## SUPPLIED MATERIAL
┌────────
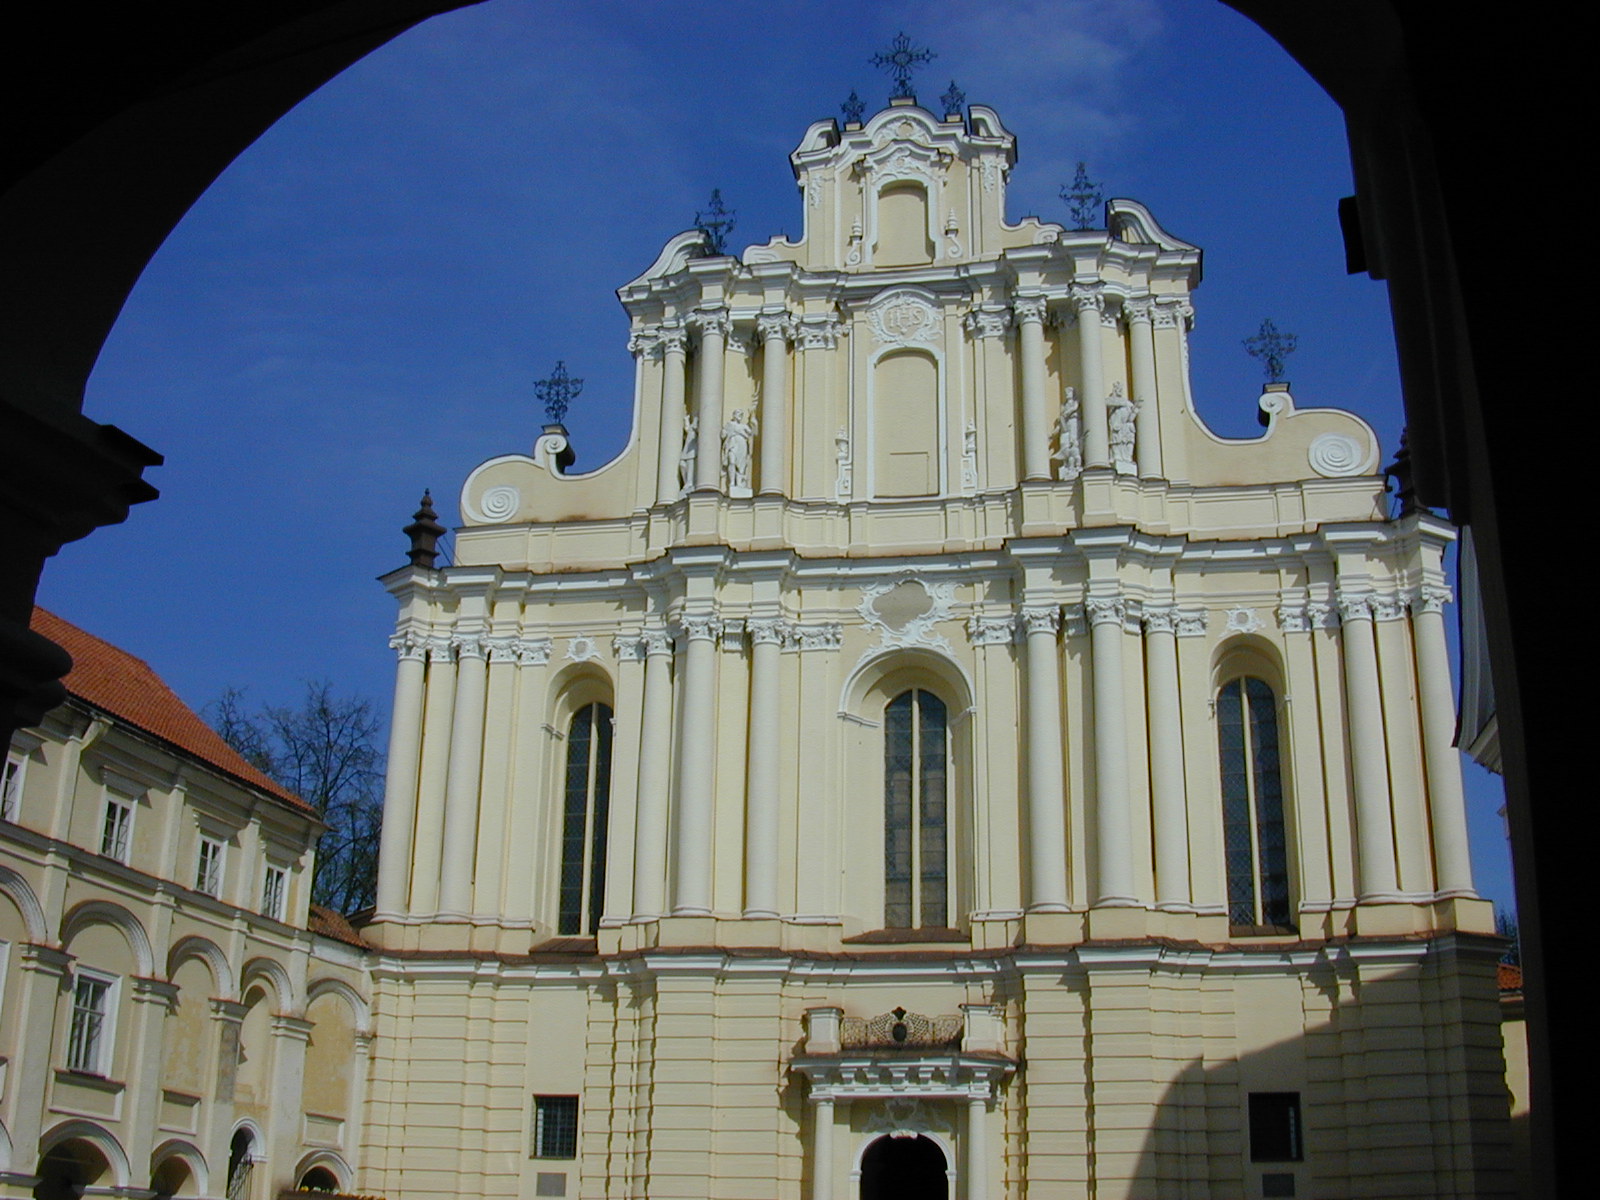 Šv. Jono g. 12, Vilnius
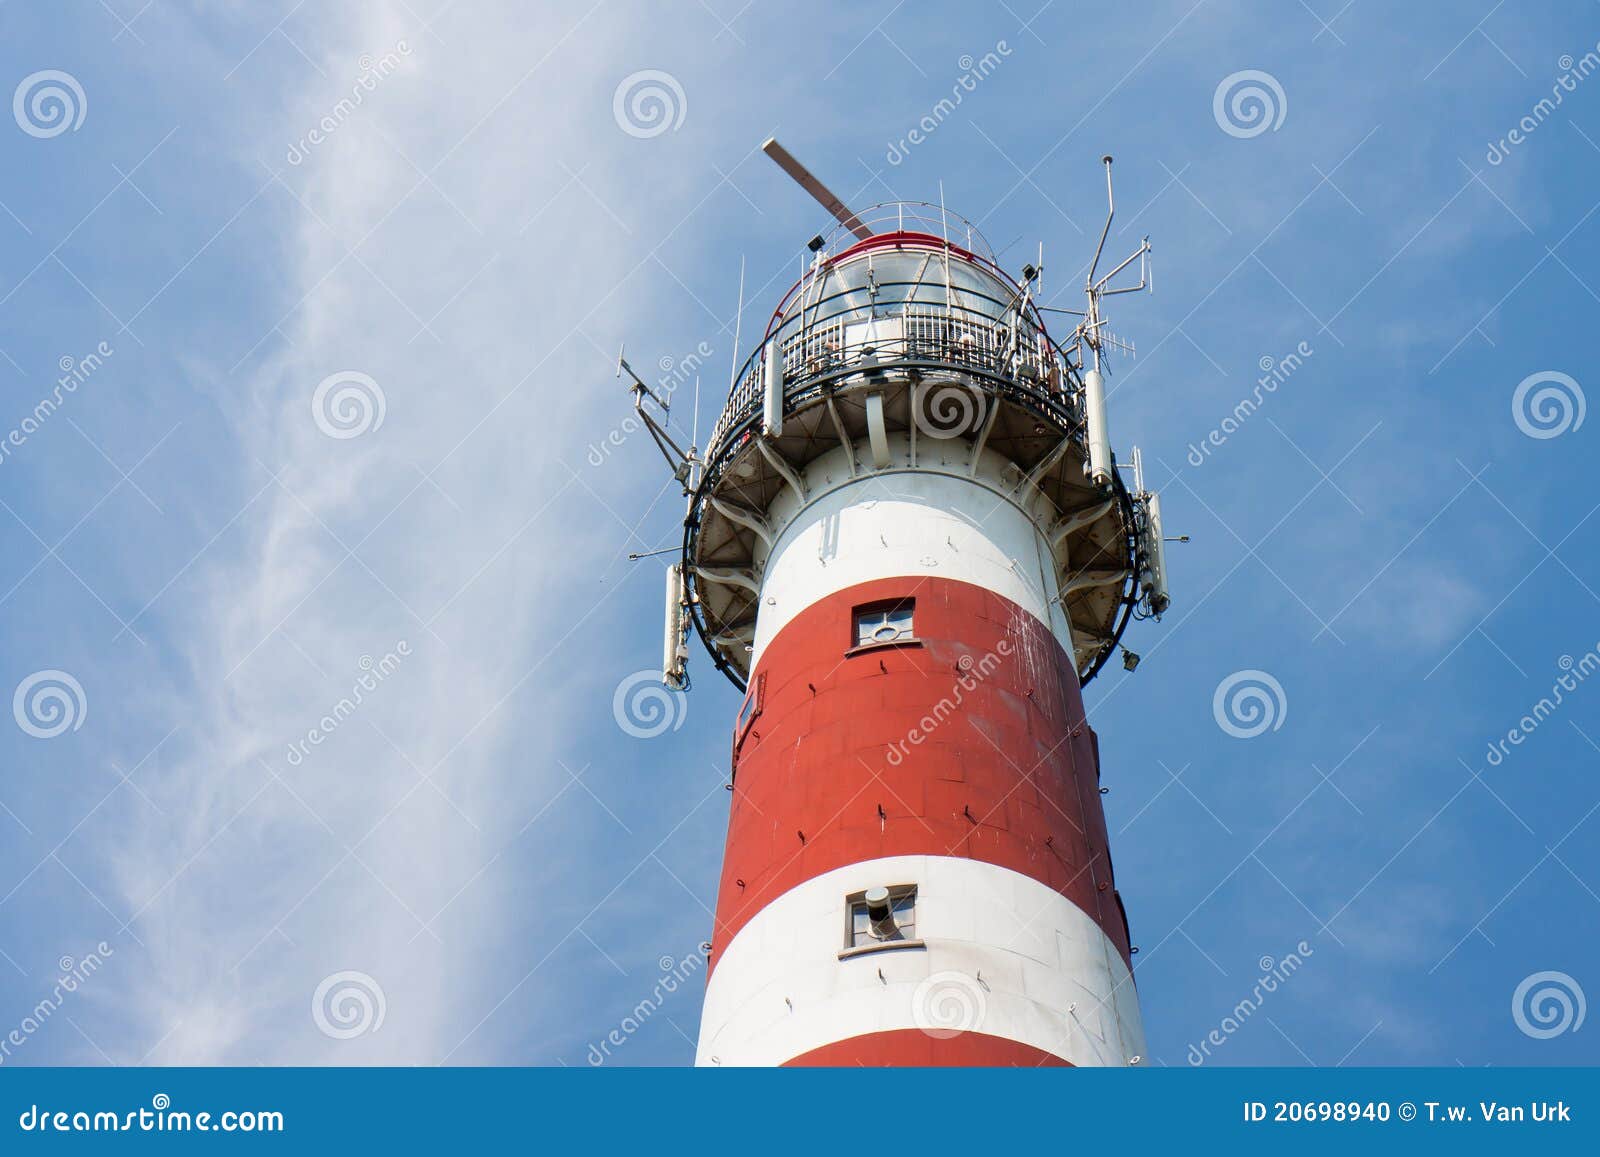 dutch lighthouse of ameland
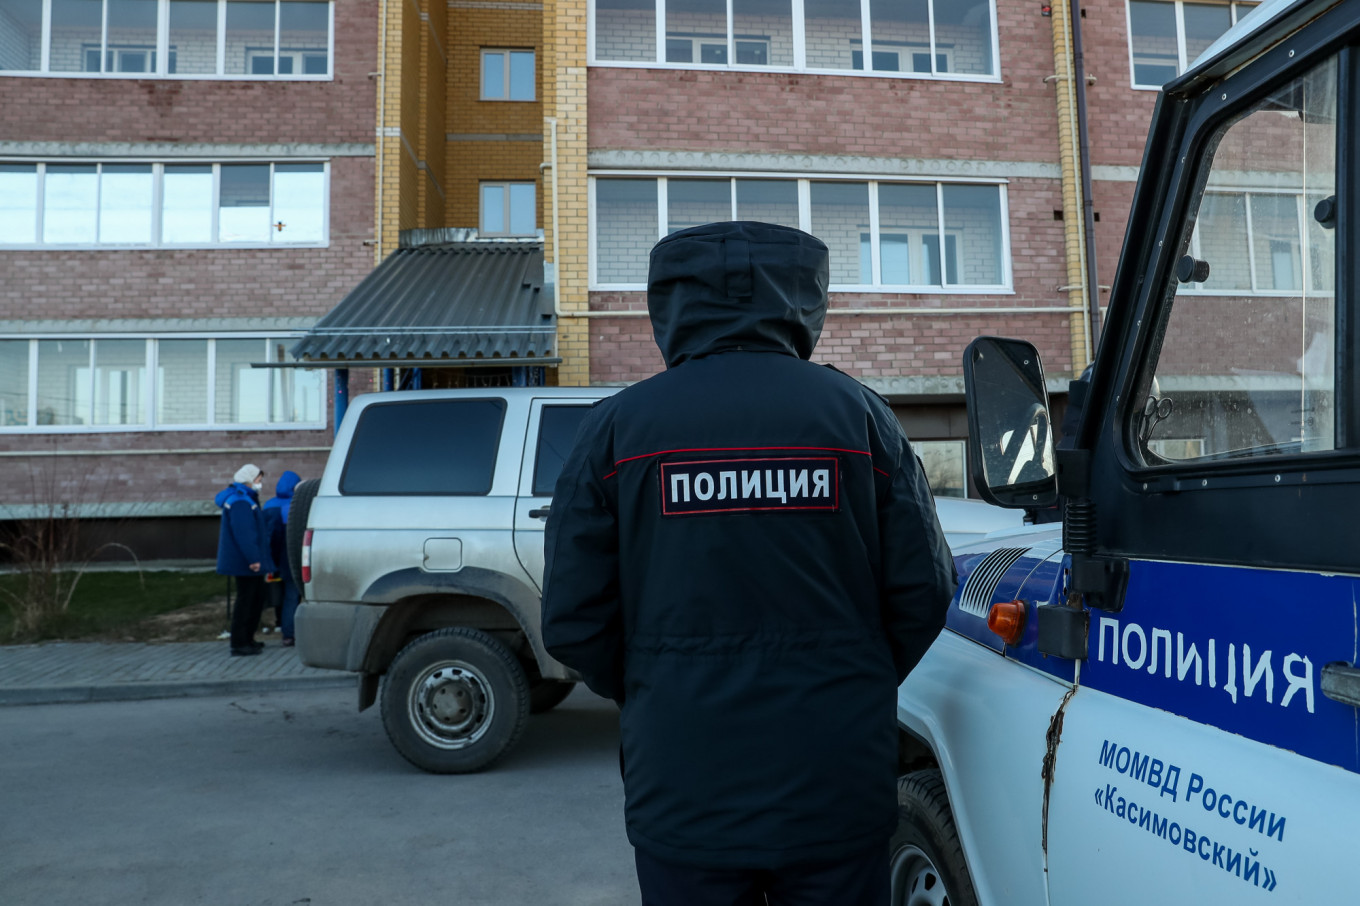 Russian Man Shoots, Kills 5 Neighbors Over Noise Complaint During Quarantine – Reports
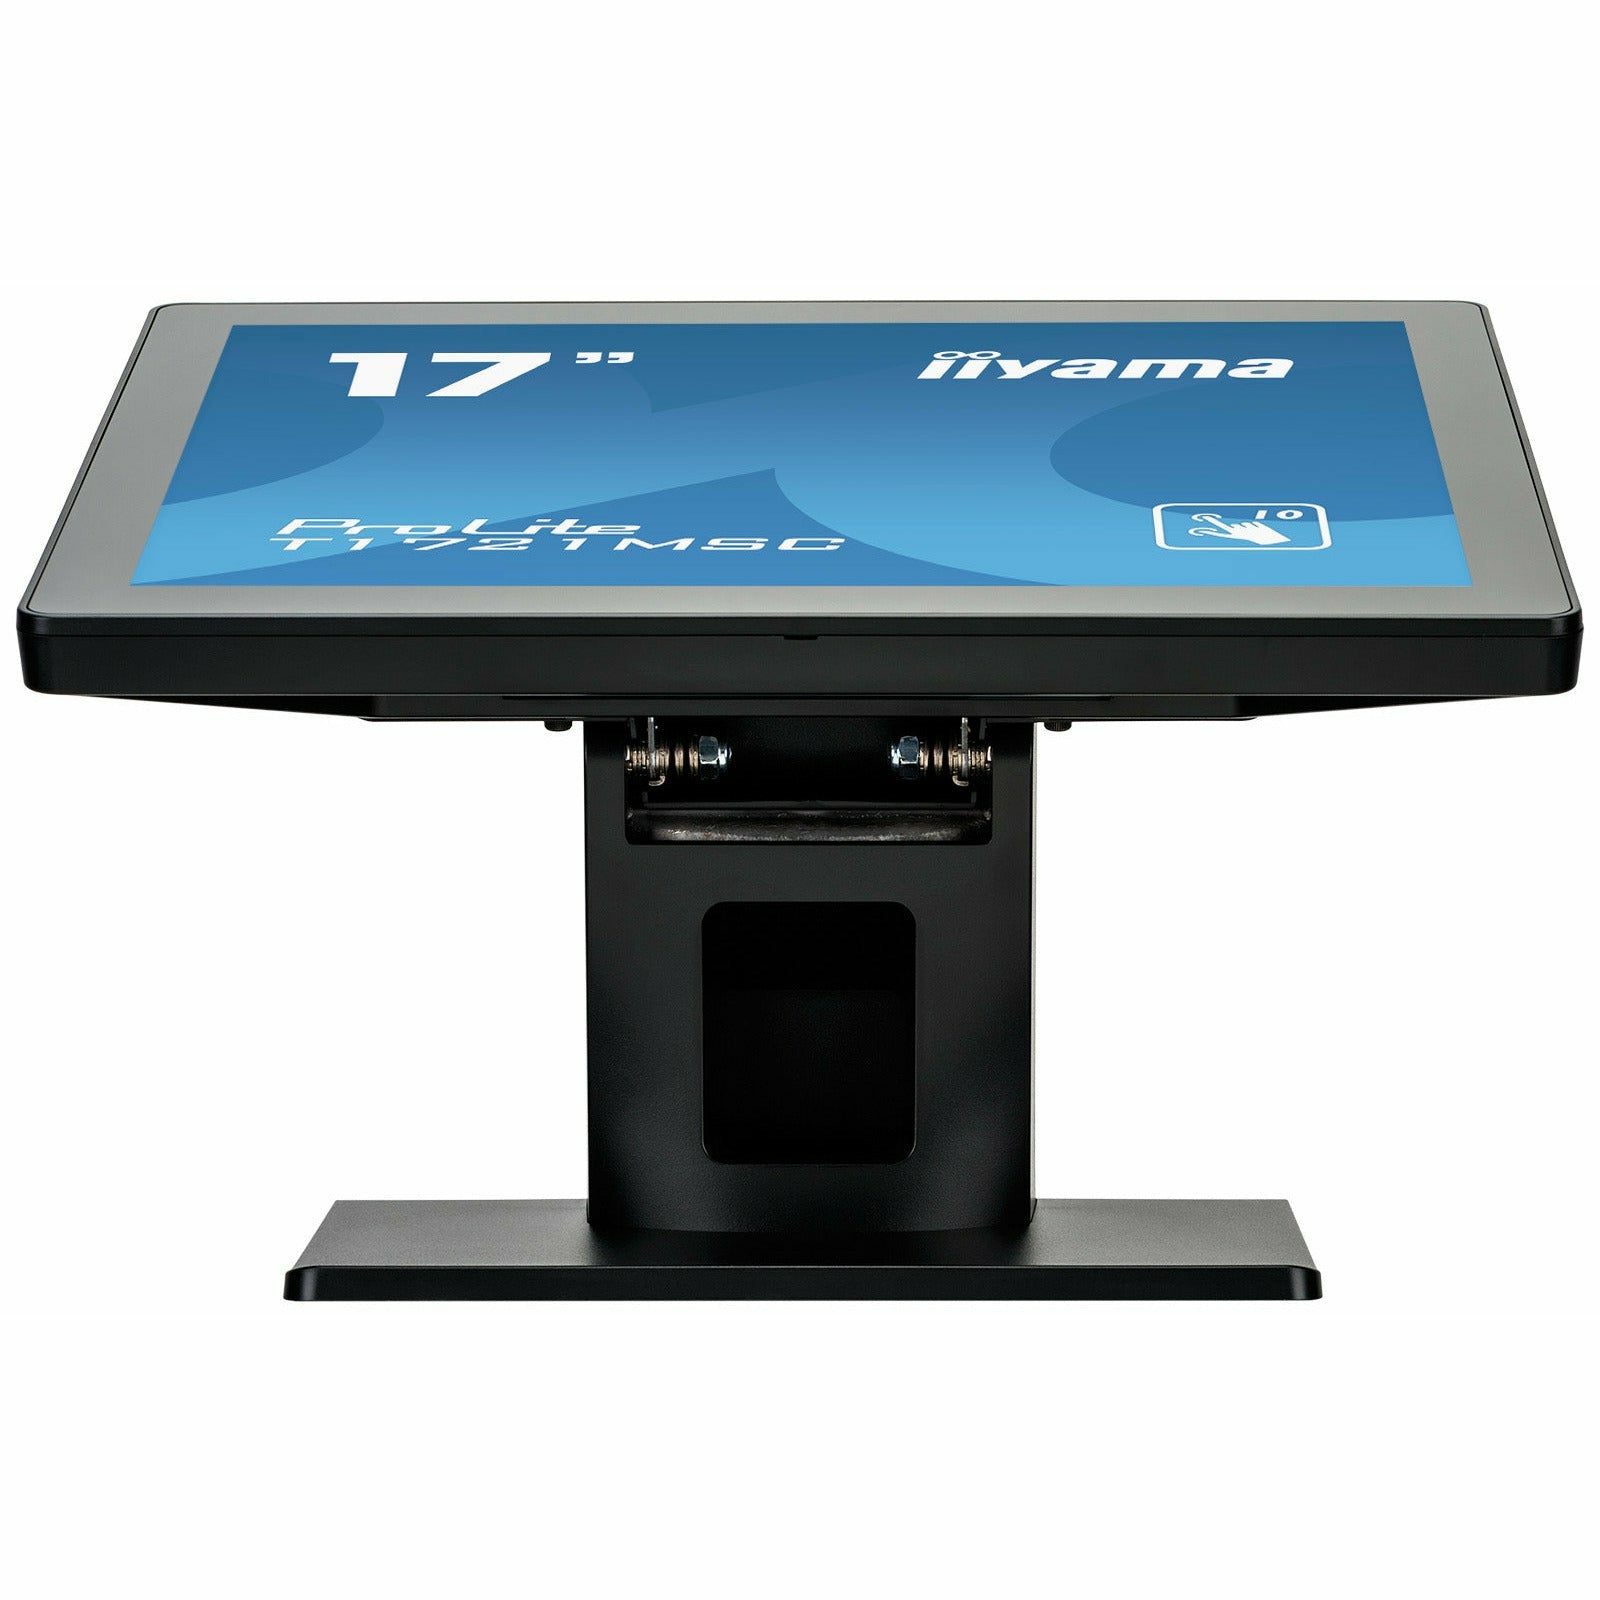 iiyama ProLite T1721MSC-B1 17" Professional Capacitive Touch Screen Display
└────────
## WHAT IS REQUIRED
Skip the pictures and copy exactly the lines from the one containing "Russian Man Shoots, Kills" through the end of the material, both ends included.

## OUTPUT OF THE EXERCISE
 Russian Man Shoots, Kills 5 Neighbors Over Noise Complaint During Quarantine – Reports
 iiyama ProLite T1721MSC-B1 17" Professional Capacitive Touch Screen Display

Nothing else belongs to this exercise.